Nicht länger gefangen in der Fessel einer lebenslangen Verpflichtung gegenüber einem Mann, den ich seit Ewigkeiten kannte. Grey Hunter, der Anführer der Mafia, die wir beide aufgebaut haben.

Der junge Mann, der das Auto seines Vaters zu Schrott gefahren und mich angerufen hat, um ihn aus der Patsche zu helfen. Der Mann, der tagelang am Bett meines Vaters saß, um seinen Platz im Königreich zu sichern.

Der Mann, von dem ich glaubte, er würde mich lieben, bis ich ihm nicht mehr das Leben geben konnte, das er wollte. Er sah mich lange an, bevor er sprach.

„Hallo, Evelyn.“

Er sagte es mit einem Lächeln, das mich dazu brachte, mich vor ihm übergeben zu wollen. Ich entschied mich, zurückzulächeln. Das hier wird nicht funktionieren, wenn ich ihm meine Karten offenlege.

„Hallo, Ehemann. Wie war dein Morgen?“

fragte ich zuckersüß. Er zögerte, bevor er antwortete, und wählte seine Worte sorgfältig.

„Einer der Männer in der Stadt wurde schwer verletzt. Er hat es nicht geschafft. Er hat eine Tochter. Ihr Name ist Kelly Russo. Sie ist noch jung. Sie braucht unsere Hilfe. Ich dachte, wir könnten sie vielleicht aufnehmen. Wir haben viele Zimmer in diesem Haus und genug zu essen. Ich dachte, wir könnten der Gemeinschaft etwas zurückgeben, indem wir diese junge Frau bei uns aufnehmen.

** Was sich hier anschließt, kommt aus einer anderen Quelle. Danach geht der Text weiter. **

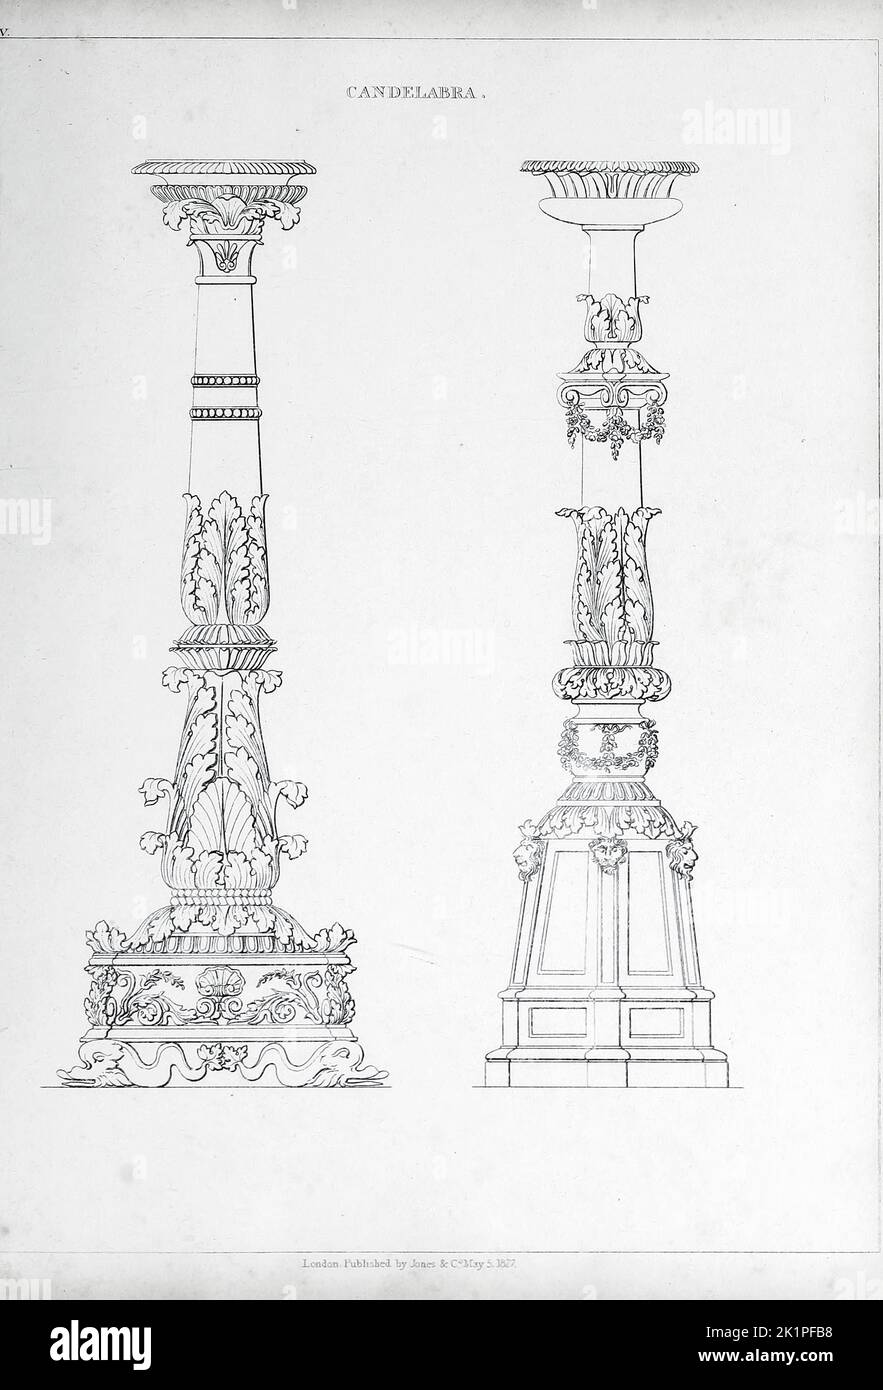 candelabra, from the The cabinet-maker and upholsterer's guide : being a complete drawing book, in which will be comprised treatises on geometry and perspective as applicable to the above branches of mechanics illustrated by numerous engravings of new and original designs for household furniture, and interior decoration beautifully and correctly coloured By Smith, George, 1808-1899 Publication date 1826 Publisher London : Jones and Co. Stock Photo

Sie braucht unsere Hilfe.“

Die Worte kamen ihm geschmeidig über die Lippen, als hätte er sie viele Male in seinem Kopf geübt.

Kelly Russo.

Den Namen der Prostituierten zu hören, die mich in meinem früheren Leben getötet hatte, jagte erneut einen Stich durch mein Herz.

Ich biss die Zähne zusammen, meine Pupillen zogen sich scharf zusammen.